Re: mathematic related questions

ok..
got that now..

do you know the answer for your "whats next in series" one ?

cuz, i cant decipher the relation..

 

[rst]

Re: mathematic related questions

----------------------------------------------------------------------------------------------------------------------
NEW OBJECTIVE QUESTION

*img836.imageshack.us/img836/1482/nextno.png

Plz explain your answer

(Also you can ask your mathematics related questions or queries
we will try to solve them)
----------------------------------------------------------------------------------------------------------------------

ans is 55
--------------------------------------------------------------------
Difference between 1st and 3rd number =4(2² )
Difference between 3rd and 5th number =9(3² )
Difference between 5th and 7th number =16(4² )

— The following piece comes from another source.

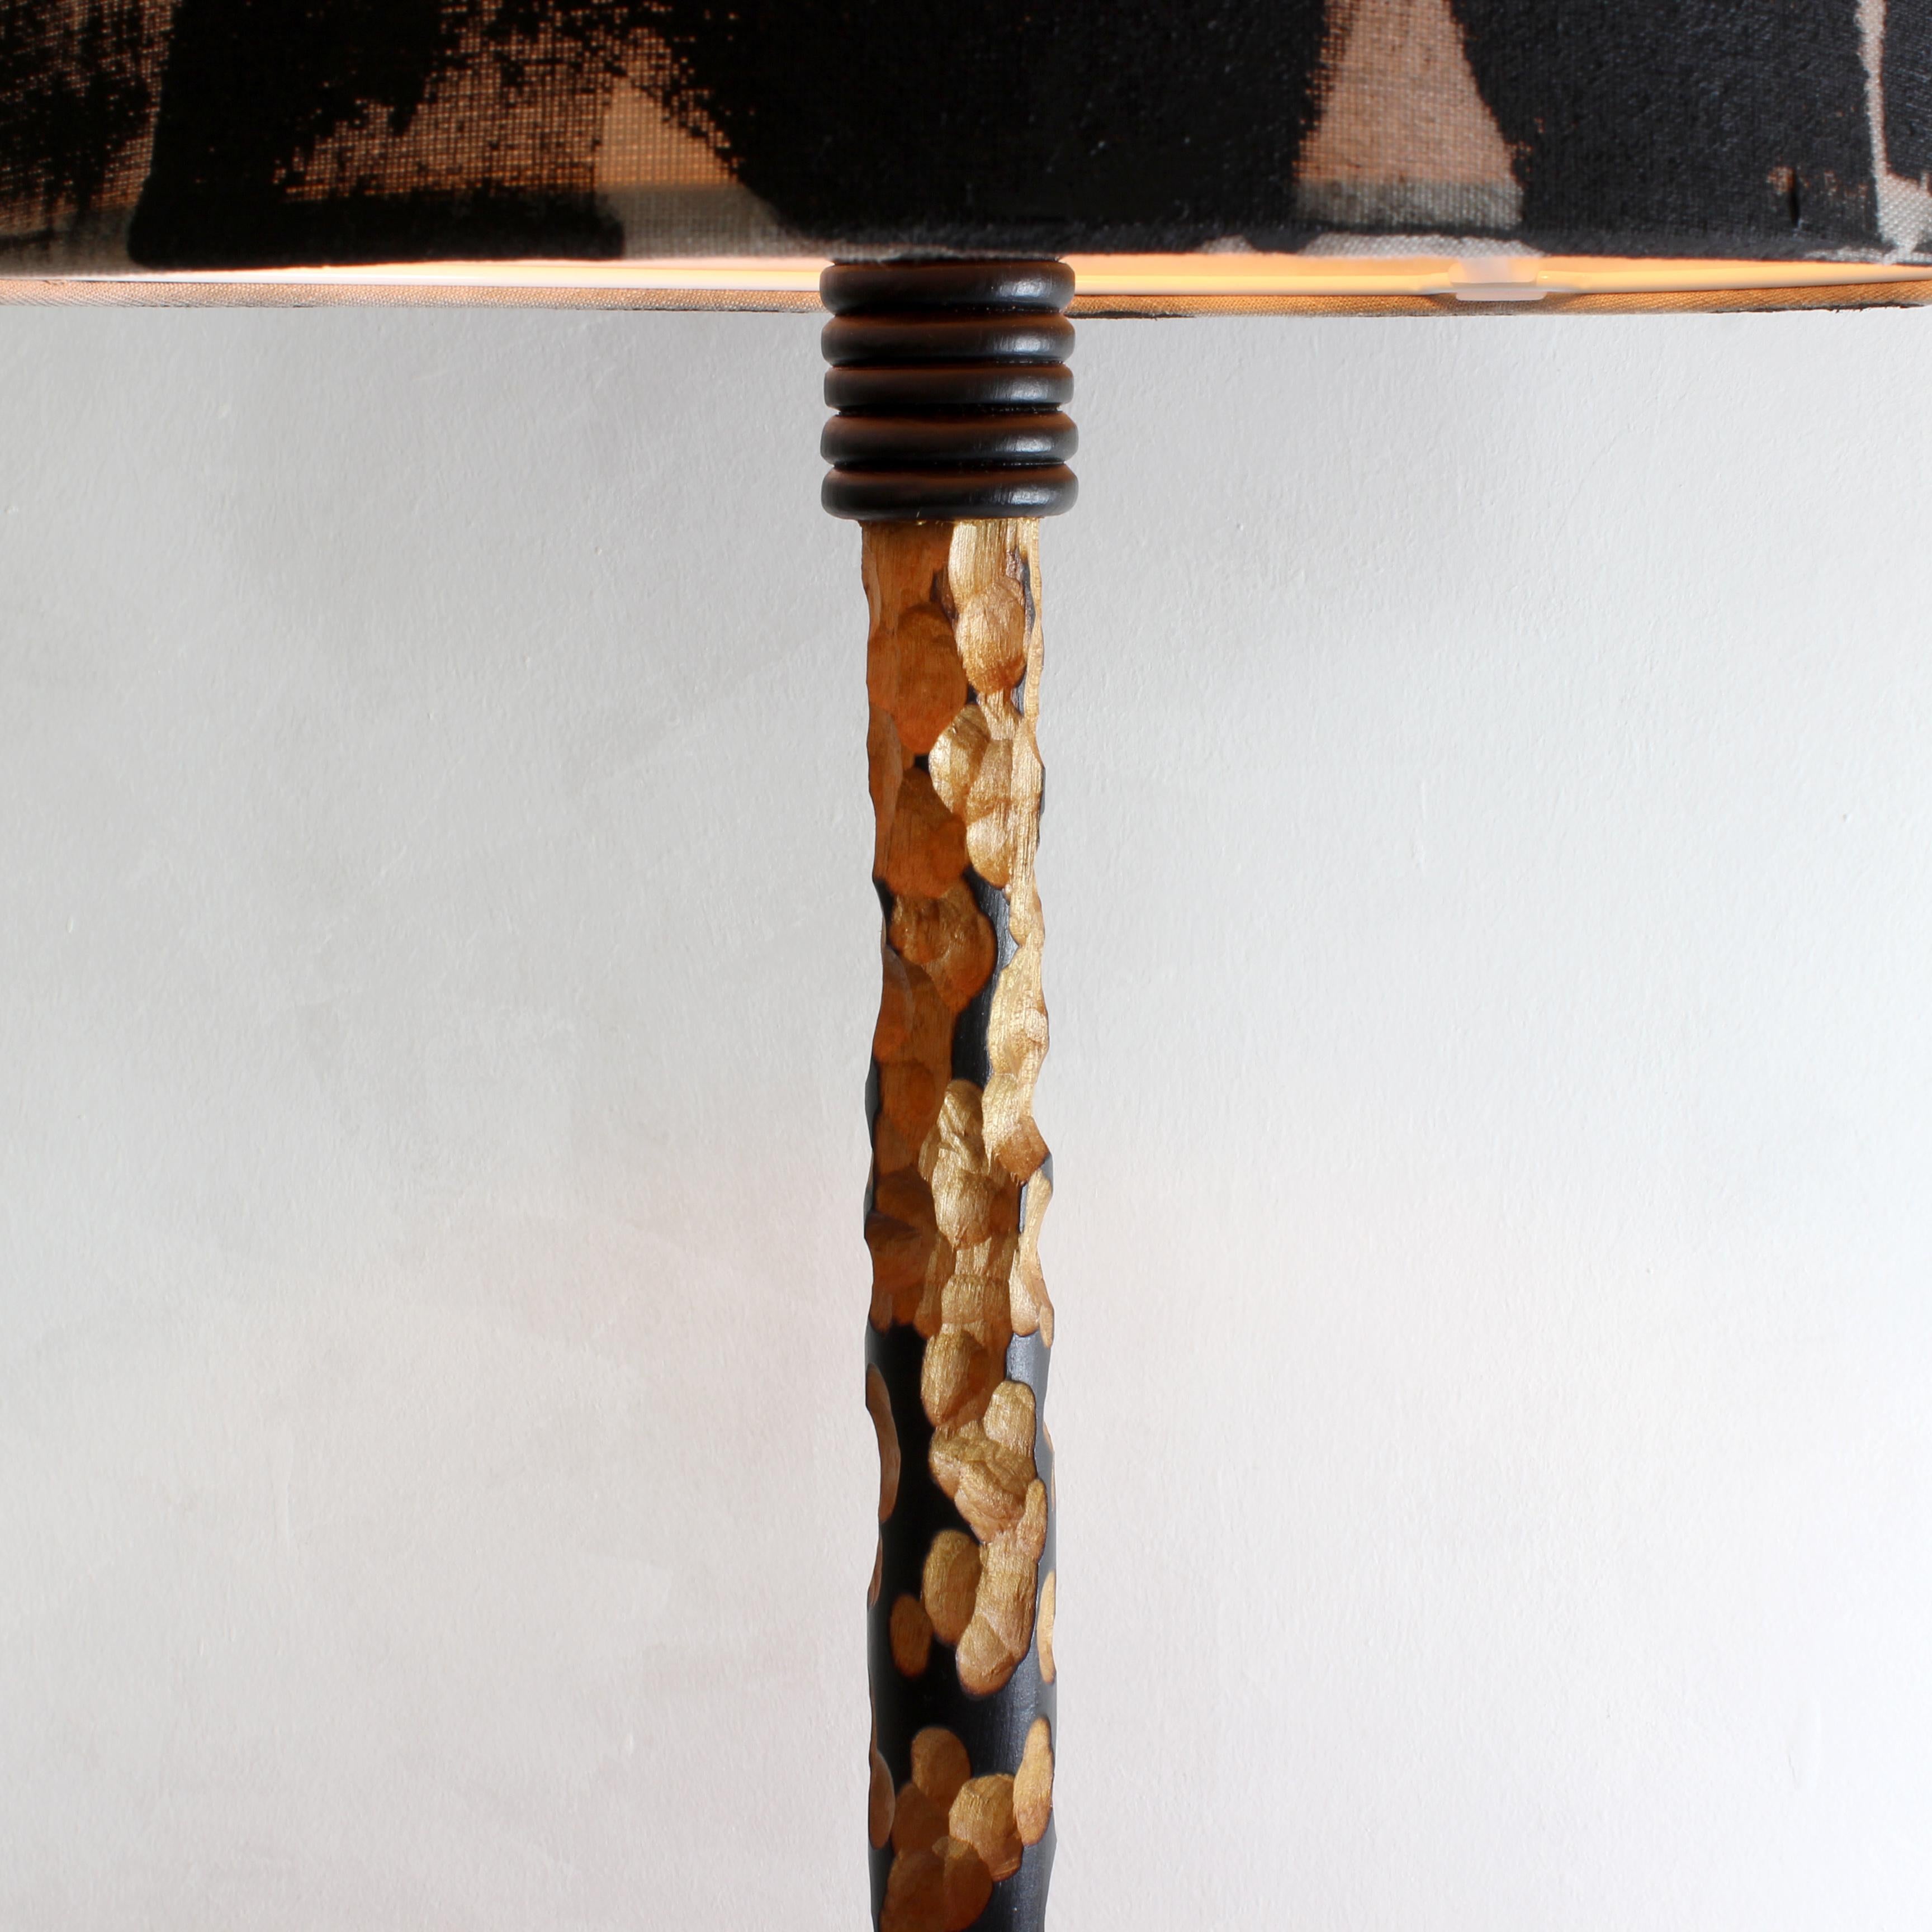 Hand-Carved Rocket, Unique Sculptural Lighting, Floor Lamp from Reclaimed Burned Wood For Sale

so Difference between 7th and 9th number =25(5² )

hence number= 30+25
=55

 

[mastercool8695]

Re: mathematic related questions

55 is the 9th number,

anyways,
i was at some time, looking at the even and odd placed numbers together, but couldn't find the link..

 

[rst]

Re: mathematic related questions

ok, edited.

 

[mastercool8695]

Re: mathematic related questions

x[SUP]2[/SUP] + y[SUP]2[/SUP] = 2007
how many solutions (x,y) exist such that x and y are positive integers

A)NONE
B)EXACTLY 2
C)>2 BUT FINITELY MANY
D)INFINITELY MANY

 

[rst]

Re: mathematic related questions

x[SUP]2[/SUP] + y[SUP]2[/SUP] = 2007
how many solutions (x,y) exist such that x and y are positive integers

A)NONE
B)EXACTLY 2
C)>2 BUT FINITELY MANY
D)INFINITELY MANY

Ans is A)NONE
------------------------------------------------------------------------
x ² + y ² = 2007
y=√ (2007-x²)

It is defined for (2007-x² ) ≥ 0
2007 ≥ x²
√ 2007 ≥ x
44.79 ≥ x

As x is positive integer
x ∈ {1,2,..............,44}

these finite values of x will give finite values of y
So option (D) is rejected

As y is also positive integer
So in y=√ (2007-x²)
(2007-x²) should give square number
put finite values of x and check it

(2007-x²) will not give square value for any value of x from 1 to 44
------------------------------------------------------------------------------------
If you find this solution hard
then also there is another( easy) method of solving this question

 

[Niilesh]

Re: mathematic related questions

Other method
------------------------------------------------------------------
aⁿ+bⁿ is prime number
where n is positive integer other than 1
here n can be even or odd

case 1:- If n is odd
aⁿ+bⁿ =prime number
(a+b) (aⁿ⁻¹ - aⁿ⁻² b² +................+(-1)ⁿ⁻¹ bⁿ⁻¹ ) =prime number
Not possible as here prime number is product of two numbers

Spoiler

case 2:- If n is even

I)Let n =2m where m=odd
aⁿ+bⁿ = prime number
a^2m+ b^2m = prime number
(a² )^m+(b² )^m = prime number
so aⁿ+bⁿ can't be prime number (by case 1)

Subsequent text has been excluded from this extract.